Anyway, here's the deal. I practice with an FMA group that does a bit of fairly basic _Hubud-Lubud_ from time to time and I've found it somewhat useful, moreso for weapons application perhaps. But personally, I find our WC/VT/WT _chi-sau and lat-sau_ training to be far more practical empty-hands training. For one thing, the WC movements seem more "direct". Less messing around with limb-destructions and moving directly to striking the center or "core" in the fewest possible number of movements. By comparison, a lot of the _hubud_ changes seem like "chasing hands" from a WC perspective.

Finally, it comes down to that whole _simplicity _thing, or "using a few techniques to beat many". Granted a limited amount of time to train and build muscle memory, I'd prefer to focus on fewer techniques and drills with greater applicability. I know some of the greats like _Danny Inosanto_ seem to master everything. But there are others also renowned in FMA, like _Rene Latosa, _who prefer to simplify and boil things down to about five core concepts. One of these is the concept of _Transition._ In part, this means learning something well, and then how to adapt it to many situations. For those of us mere mortals, I find this approach to be very practical. 

So when it comes to something like_ hubud_, although I enjoy using the most basic patterns with my non-WC _Escrima_ students, I really don't spend much time with it.  I'd rather invest my time and develop _reliable_ muscle memory in drills like lat-sau and chi-sau which work better for me. Although I've endeavored to keep my WC and my Escrima separate, after all these years I guess a WC mindset is shaping my Escrima. Any thoughts?


----------



## Blindside (Oct 4, 2014)

I have had a couple of students come to my class with WC backgrounds and they have had good sensitivity and a almost hardwired trapping system that doesn't take into account weapons.  Bong sauing downward  reverse grip knife attacks or pin trapping a knife hand where the release is a lowline slash, fine technique for unarmed, not good for weapons.  And the FMA assumption, or at least the assumption in Pekiti is that we always assume there is a knife present.  Otherwise we could simply cover like a boxer and absorb hits rather than trying to block or parry, that is certainly a high percentage simple technique.
Sent from my Lumia 900 using Board Express


----------



## Kwan Sau (Oct 4, 2014)

Few years back one of my WC students asked me to attend a FMA seminar with her. I went, had a good time...BUT, ultimately came to the same conclusion as Geezer. WC seemed simpler, more efficient, less hand chasing, etc. However, the instructor and I ended up becoming friends and he came to appreciate WC's simplistic/direct responses after I demo'd a few for him. 

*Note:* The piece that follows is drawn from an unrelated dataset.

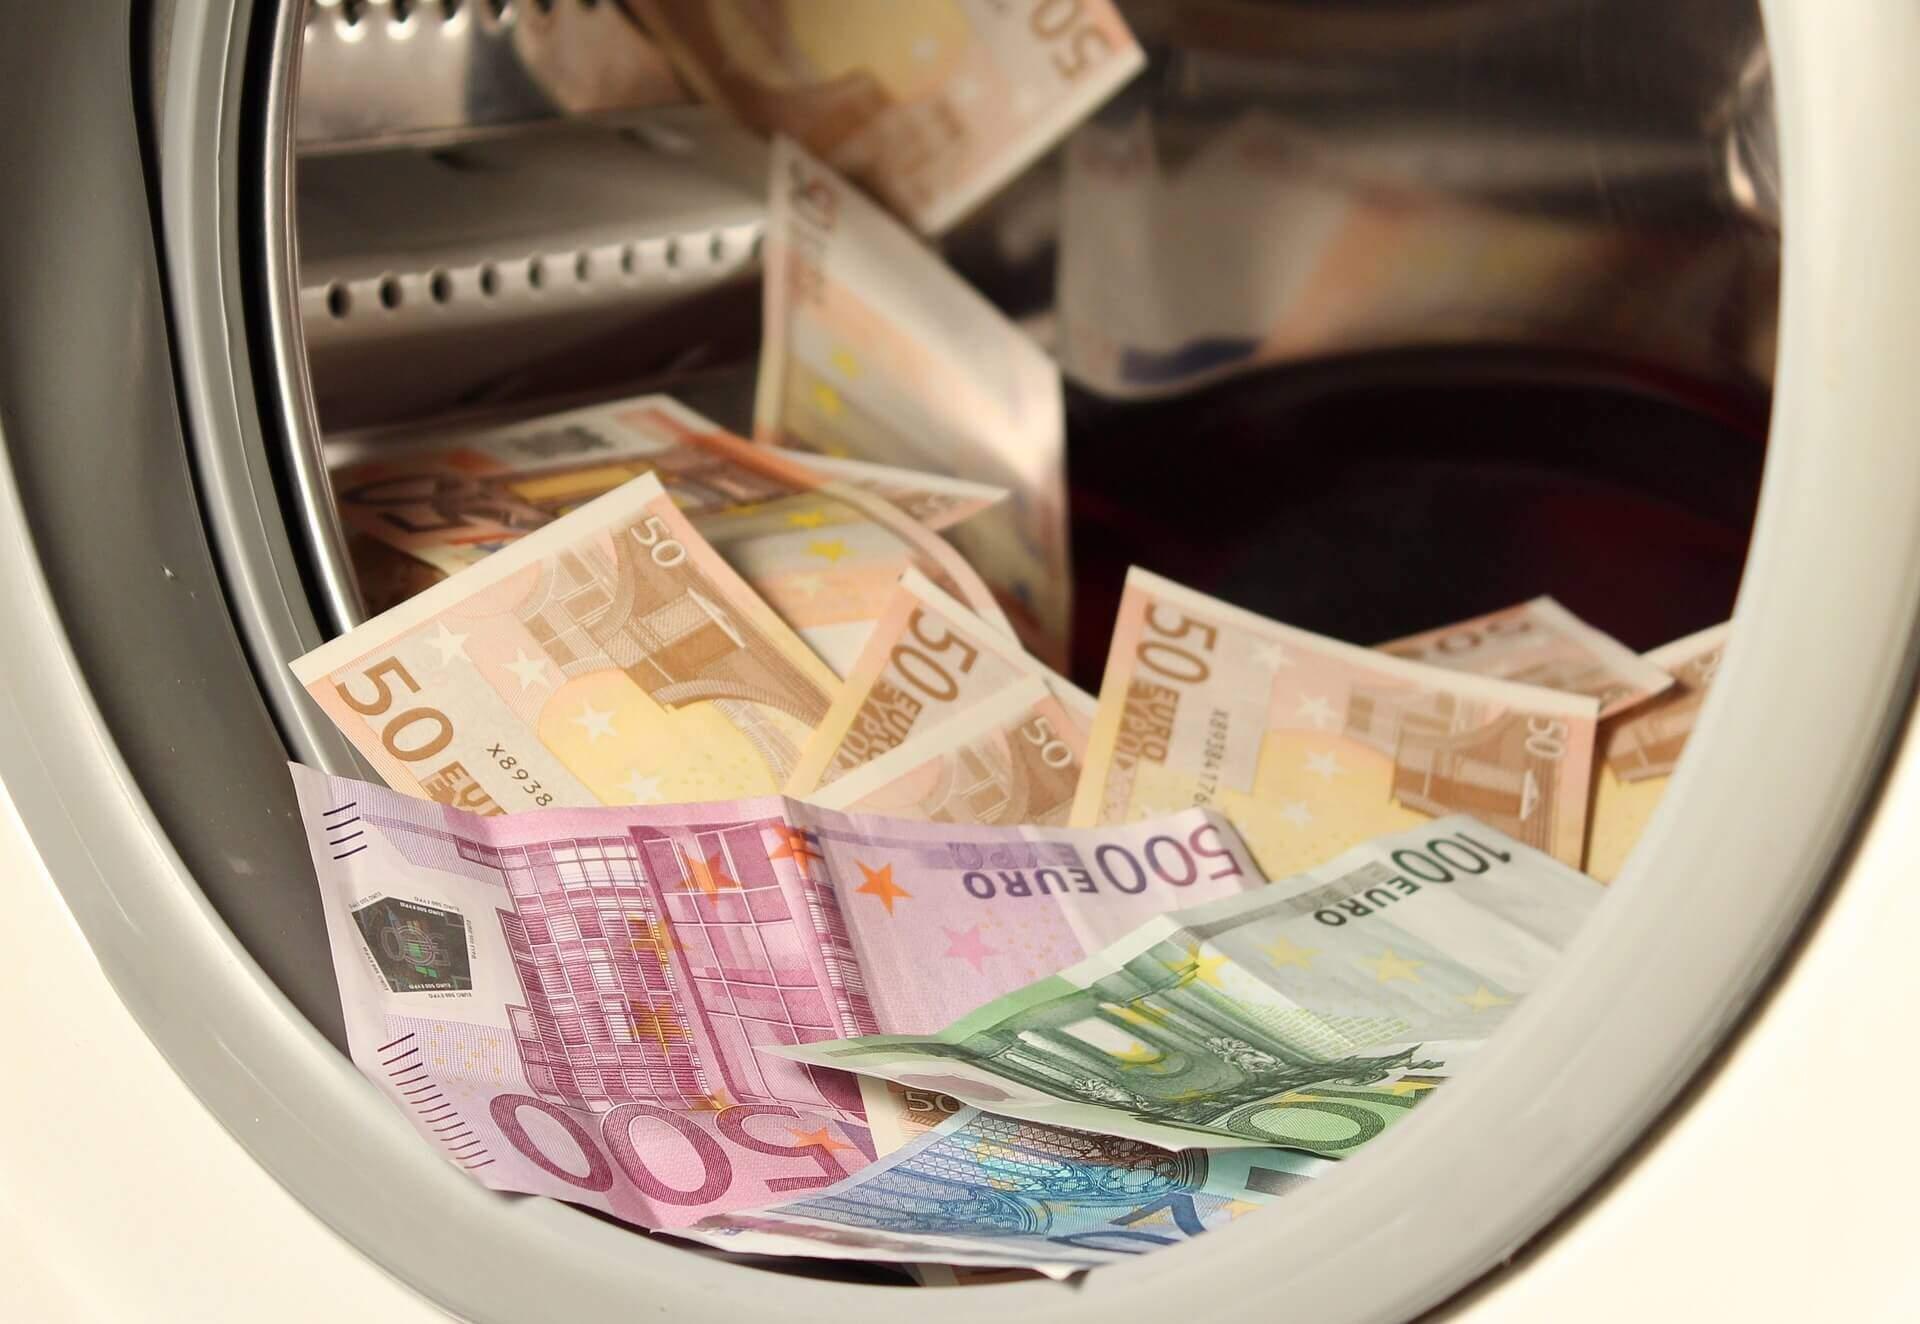 Imagem ilustrativa de lavagem de dinheiro, um dos alvos de investigação do COAF

A more recent story: few months ago I was invited to an informal workout session with a Pekiti Tirsia guy. His opening move on one of his knife drills was met with me entering with a Tan sau and I punched him in the face. I liked the flow of his P.T. but a lot of the workout didn't make sense to me and so I stuck with what is coursing through my veins and that is: WC!   By the end of our workout, he actually modified his P.T. drill to include a WC Tan/Punch to face.  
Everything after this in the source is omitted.